* [DATA EXTRACT]
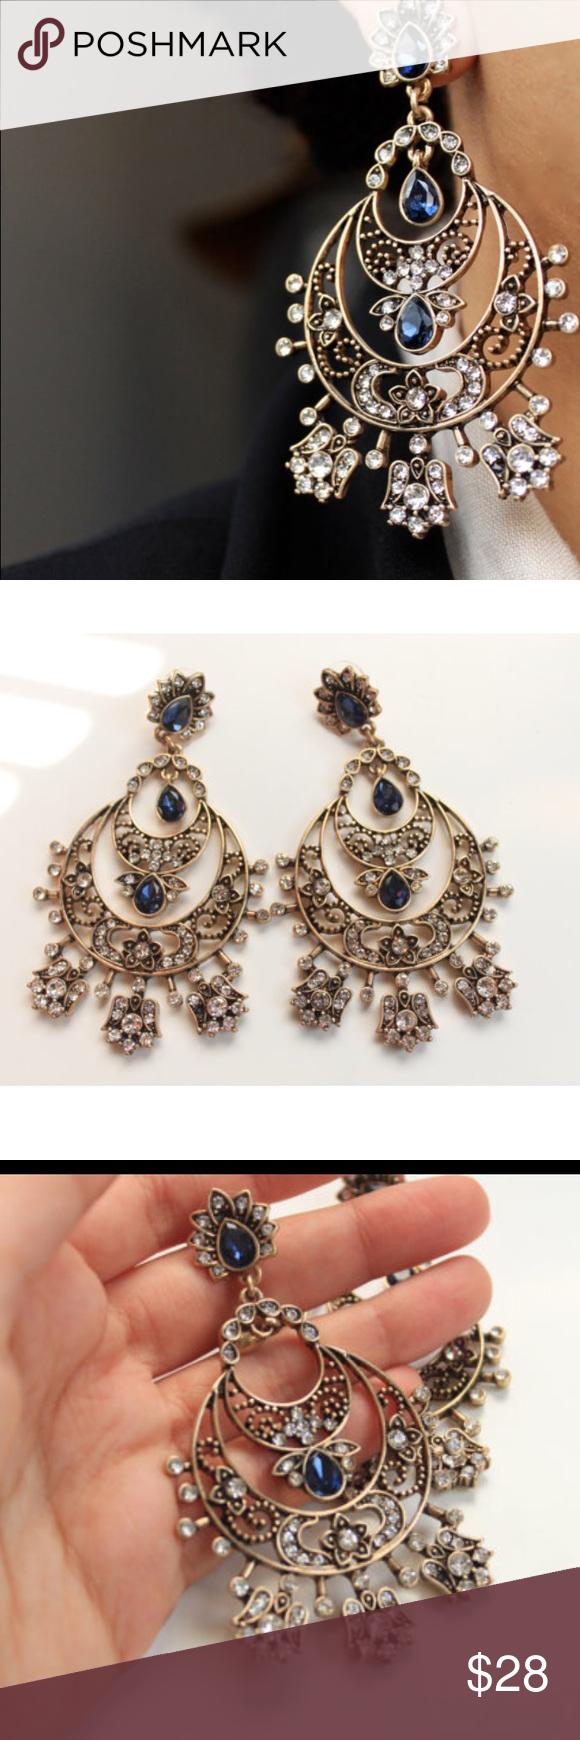 Antique gold chandelier earrings Boutique | Gold chandelier ...
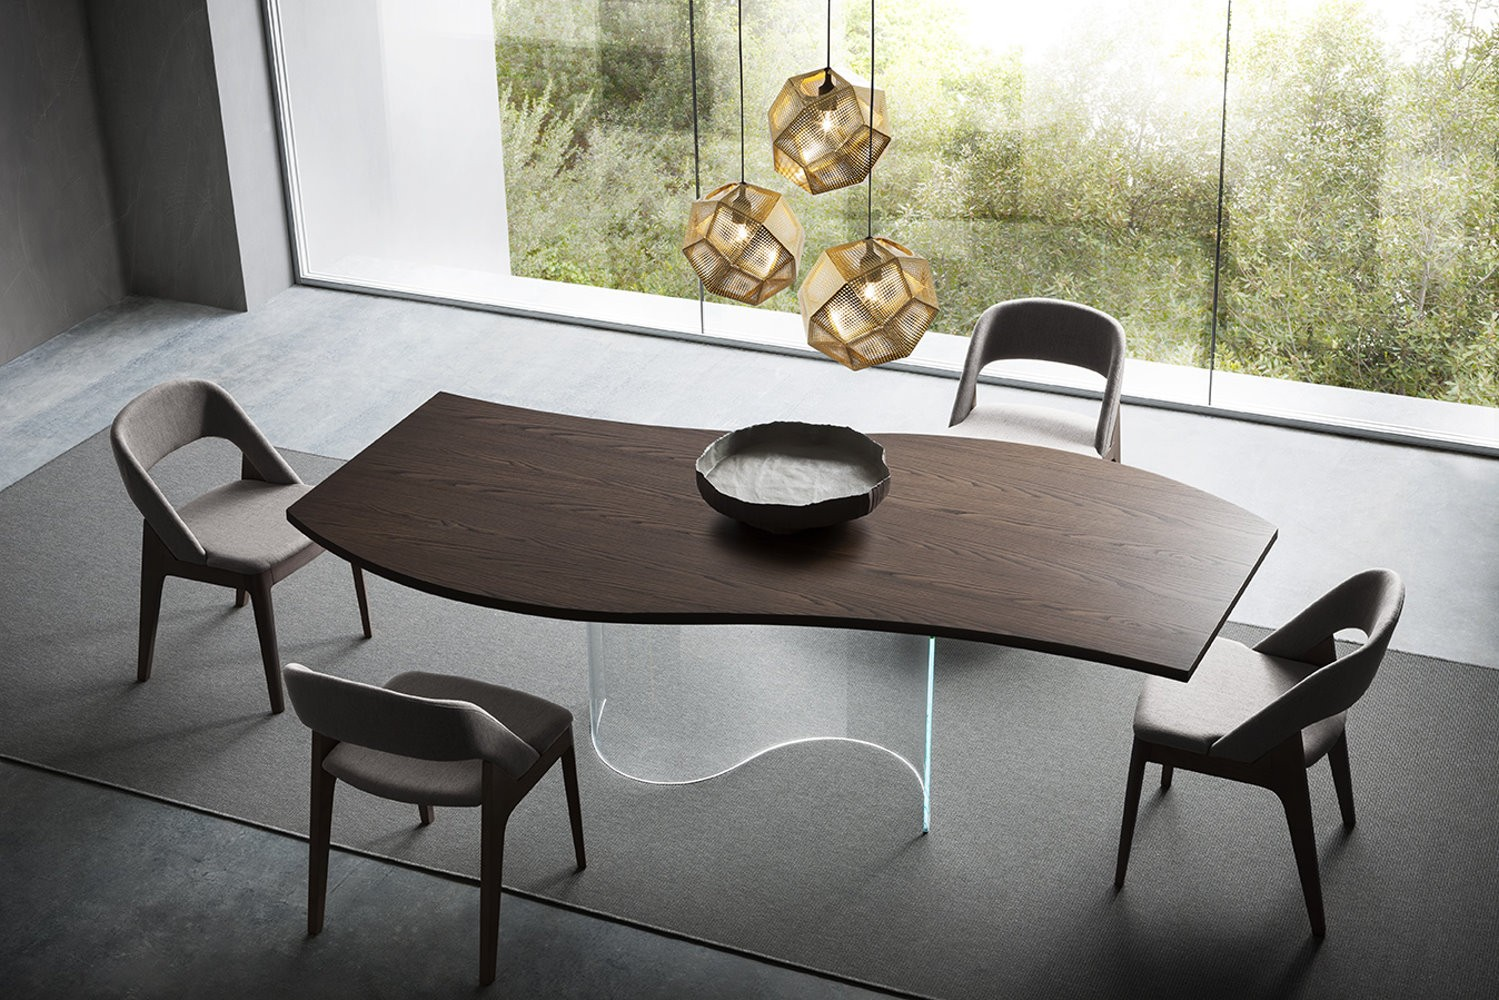 Tavoli e Sedie : Tavoli e Sedie
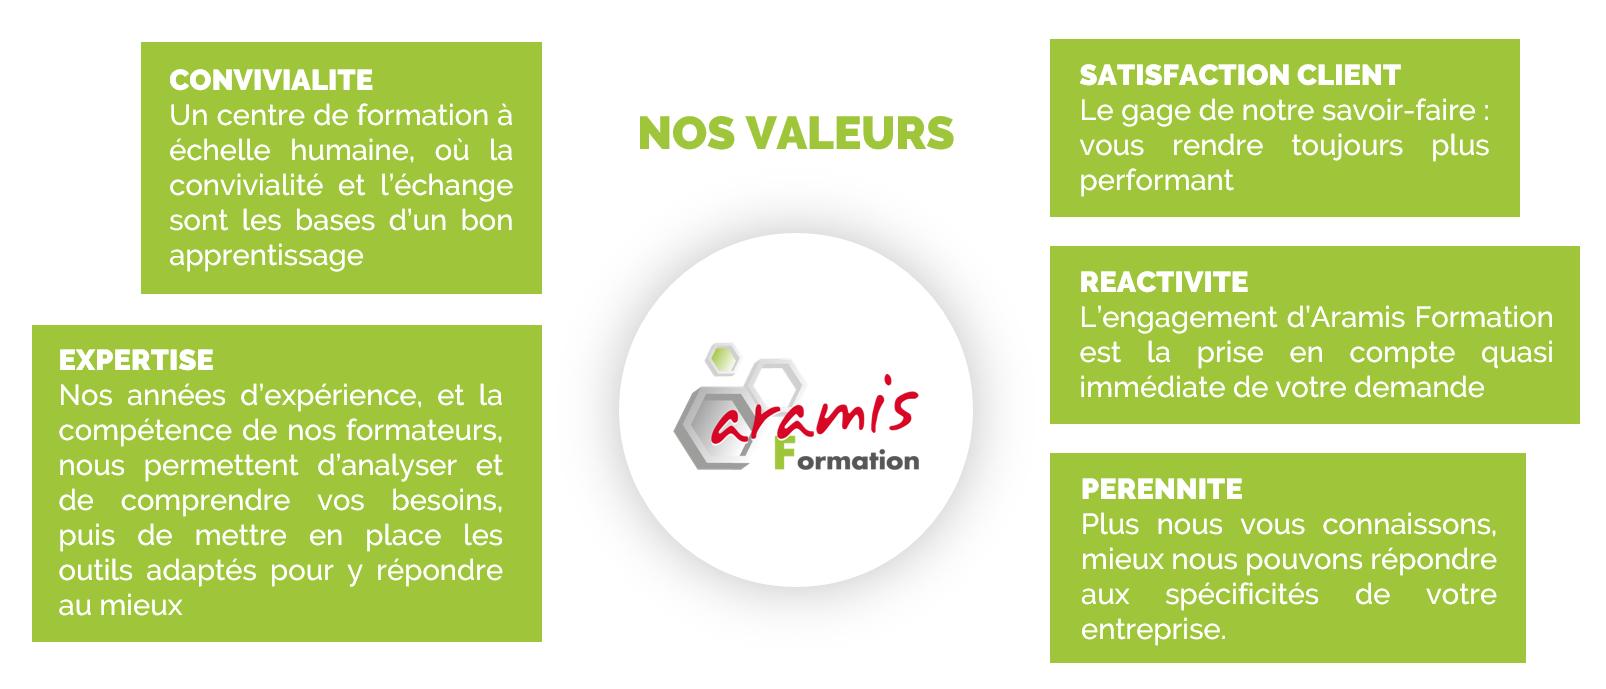 Les valeursd'Aramis Formation
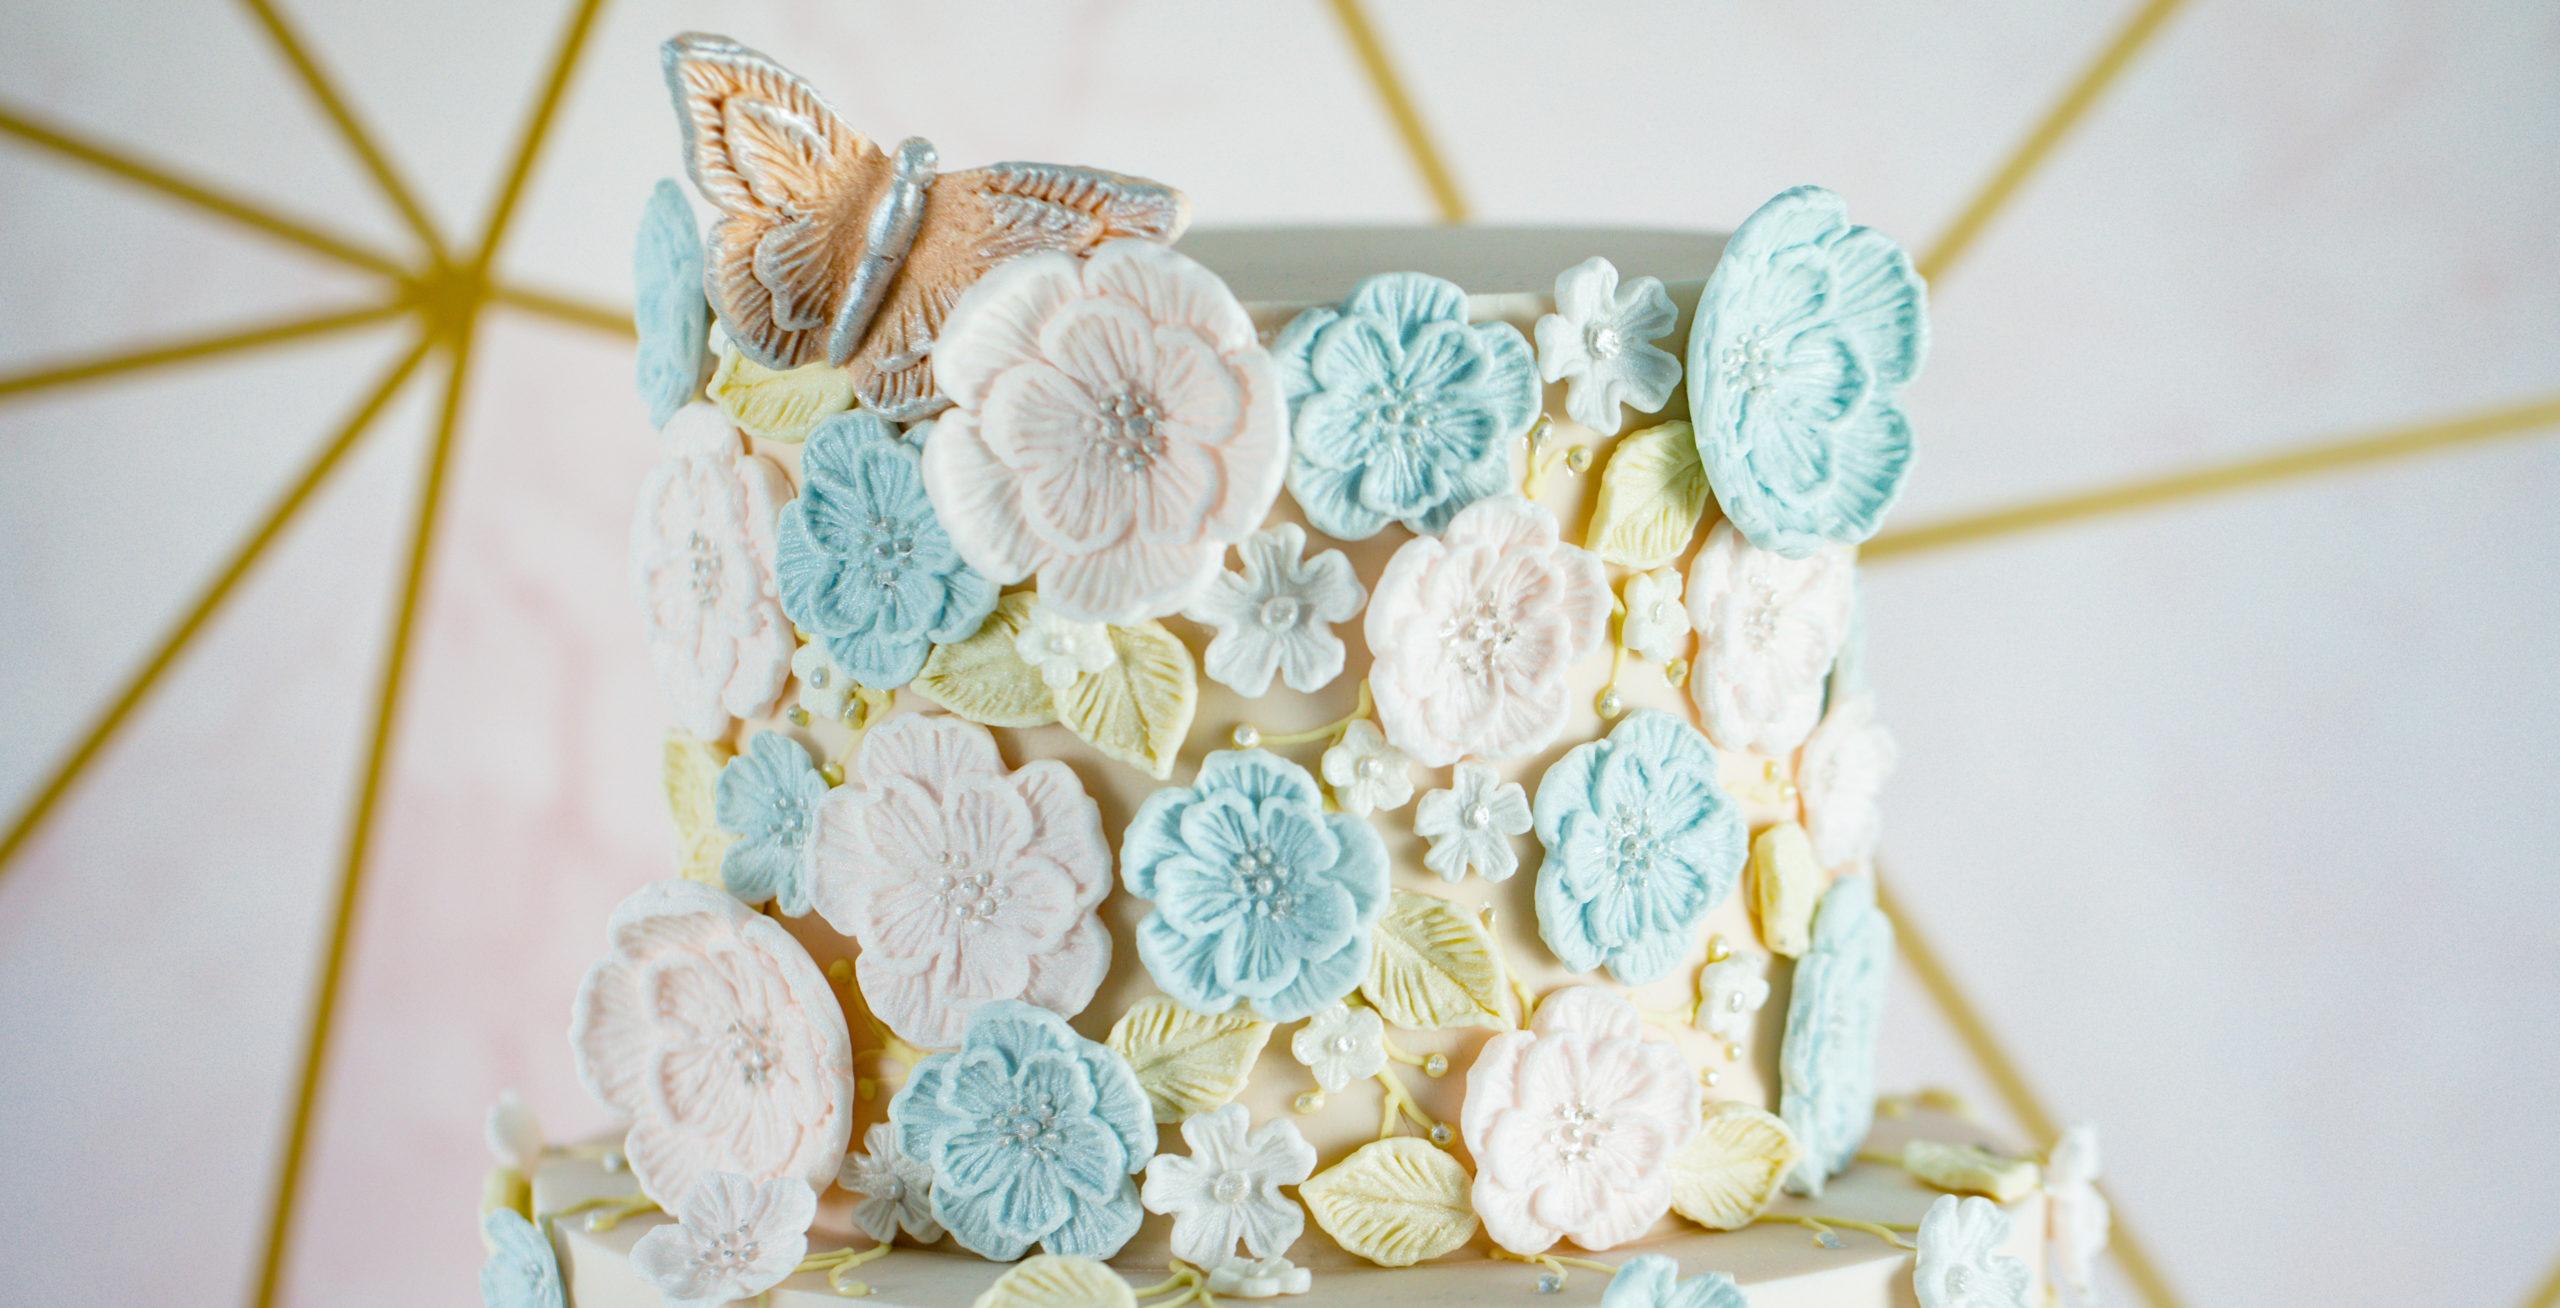 Bow JUNGEN Bow Silicone Fondant Mould Cake Decorating Chocolate Baking Mold Sugarcraft Tool

* [WORK ITEM]
Every line of the material must be returned exactly; leave the images out.

* [YOUR RESPONSE]
 Antique gold chandelier earrings Boutique | Gold chandelier ...
 Tavoli e Sedie : Tavoli e Sedie
 Les valeursd'Aramis Formation
 Bow JUNGEN Bow Silicone Fondant Mould Cake Decorating Chocolate Baking Mold Sugarcraft Tool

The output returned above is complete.